The Militant (logo)  

Vol. 79/No. 9      March 16, 2015

 
(front page)
Selma, Ala., anniversary march
challenges erosion of voting rights

 
BY MAGGIE TROWE
Fifty years ago the 1965 Selma-to-Montgomery march for voting rights started with a brutal assault by cops and deputized thugs on Black rights demonstrators on the Edmund Pettus Bridge in Selma, Alabama, and culminated in a rally of more than 25,000 on the steps of the Alabama state Capitol, leading to passage of the federal Voting Rights Act. The Southern Christian Leadership Conference and others are organizing to retrace the 1965 march to challenge the erosion of voting rights in the U.S. today.

The 54-mile march will begin in Selma on Sunday, March 8, and conclude with a rally on the steps of the state Capitol Friday, March 13.

“This is not just a March in Commemoration, but it is also a March in Recommitment to Voting Rights,” Rev. Dr. Bernard Lafayette, SCLC board chair, told a Feb. 20 press conference held in the state Capitol.

The Voting Rights Act of 1965, conquered by the mass proletarian movement of African-Americans and their allies in the 1950s and ’60s that overthrew Jim Crow segregation, banned literacy tests, poll taxes and other racist measures designed to prevent Blacks from voting or running for office.

However, in the wake of the June 2013 U.S. Supreme Court decision striking down key parts of that act, a number of states have instituted laws restricting the ability of working people to vote.

“From voter photo ID, proof of citizenship to register and reduction in voting and voter registration days to the Shelby County v. Holder [2013] decision gutting the 1965 Voting Rights Act and more,” Alabama State Sen. Hank Sanders said at the Feb. 20 press conference, “Americans are losing the right to vote, which so many people sacrificed their lives and blood to secure.”

The 5-4 Supreme Court decision voided the section of the Voting Rights Act that required states and local governments with a long history of racist discrimination to get prior approval from the Justice Department before making any changes in voting laws.

A number of different activities, organized by a variety of groups, are planned in Selma March 7 to commemorate the “Bloody Sunday” 1965 attack on the bridge. Presidents Barack Obama and George W. Bush say they will attend one of the events.

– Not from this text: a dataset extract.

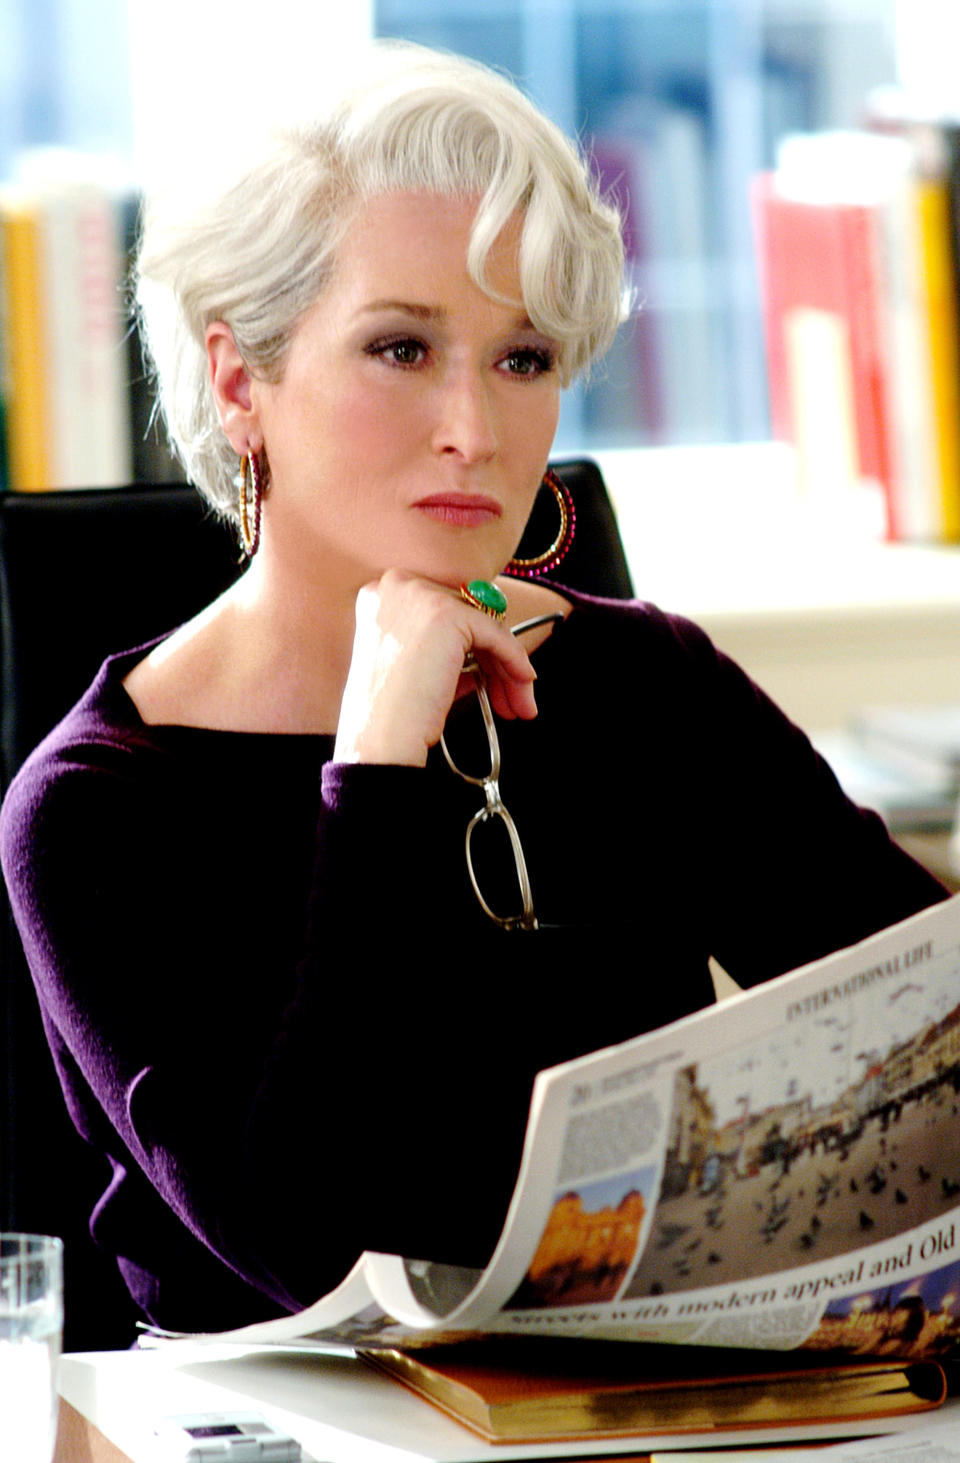 Meryl Streep looking pensive with a newspaper in her hand
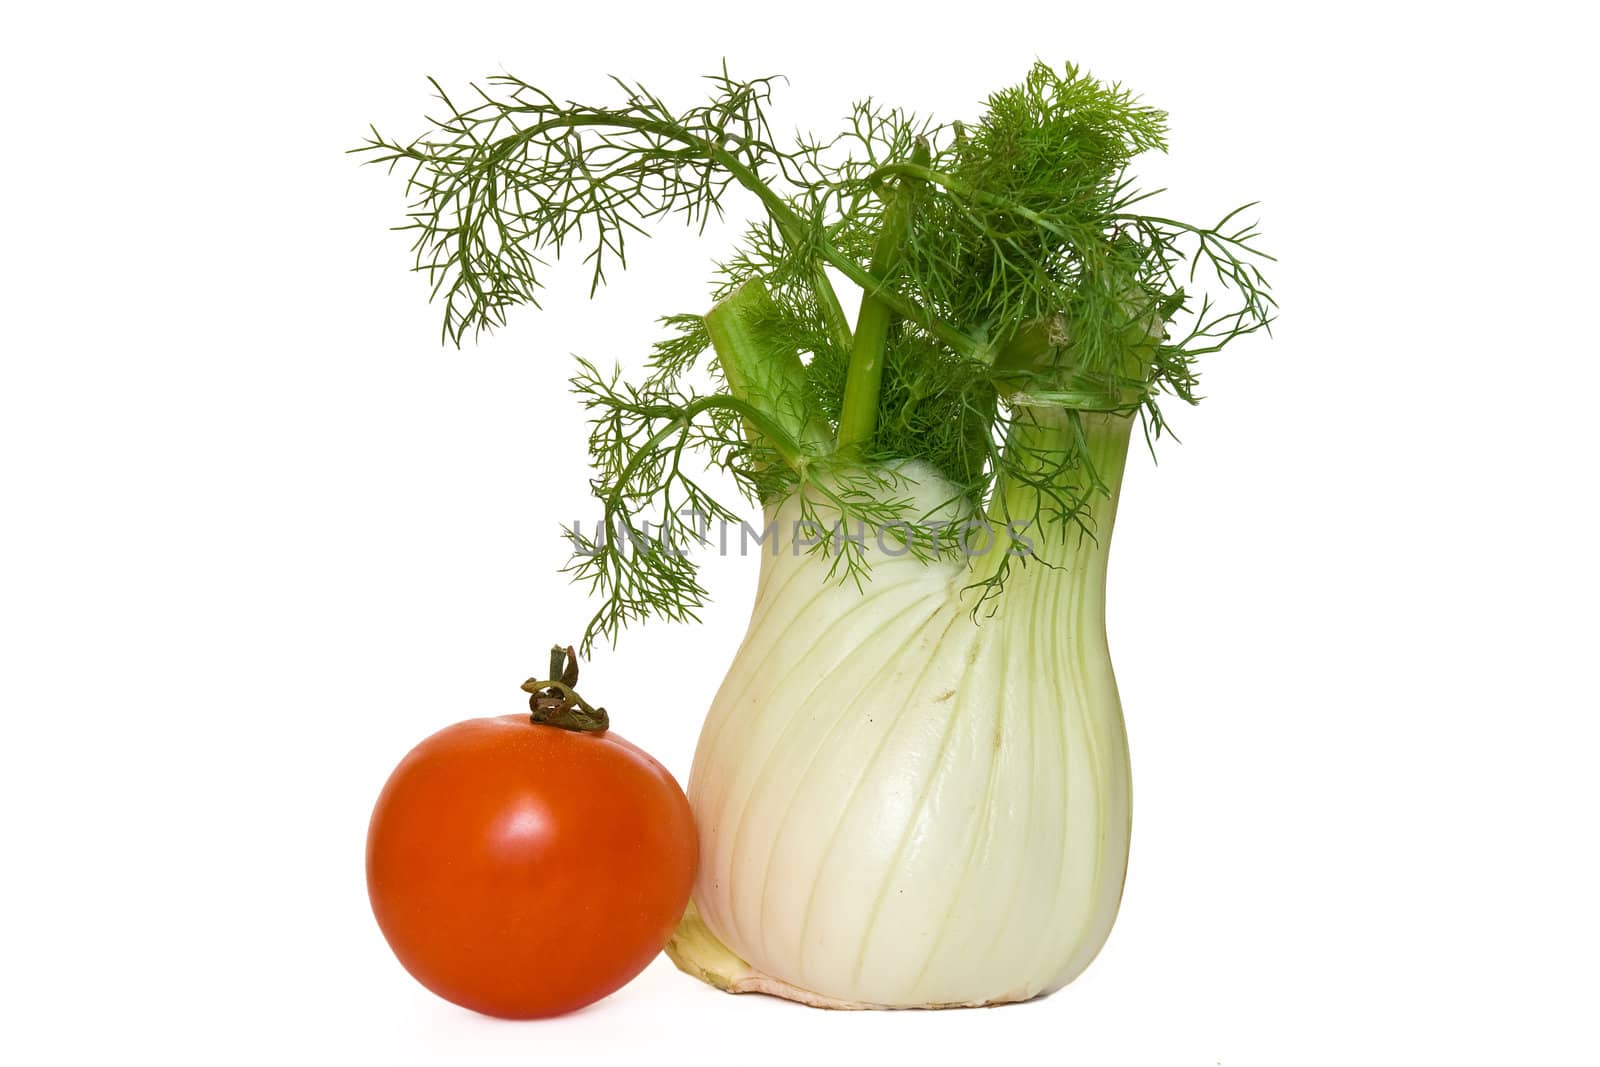 tomato and fennel isolated on white background

On March 21, 1965, about 3,200 people set out again from Selma, this time under the protection of federal troops. They marched about 12 miles a day and slept in fields at night, arriving in Montgomery on March 25 with their ranks swelled to 25,000 strong.

Entertainers, including actor Danny Glover and singers Kirk Franklin, Ruben Studdard, Lady Tramaine Hawkins, The Blind Boys of Alabama and Richard Smallwood, will join in events in Selma March. 5-9. Some will participate in the march.

Leaders of the 1965 march will take part, including Diane Nash, then a leader of the Student Nonviolent Coordinating Committee. She helped organize the Freedom Rides in 1961.

The march will go through Lowndes County, where efforts to defend African-Americans against racist violence and to register Black voters led to the formation of the Lowndes County Freedom Organization in 1966, a group independent of the Democrats and Republicans that ran its own candidates with a black panther as its emblem.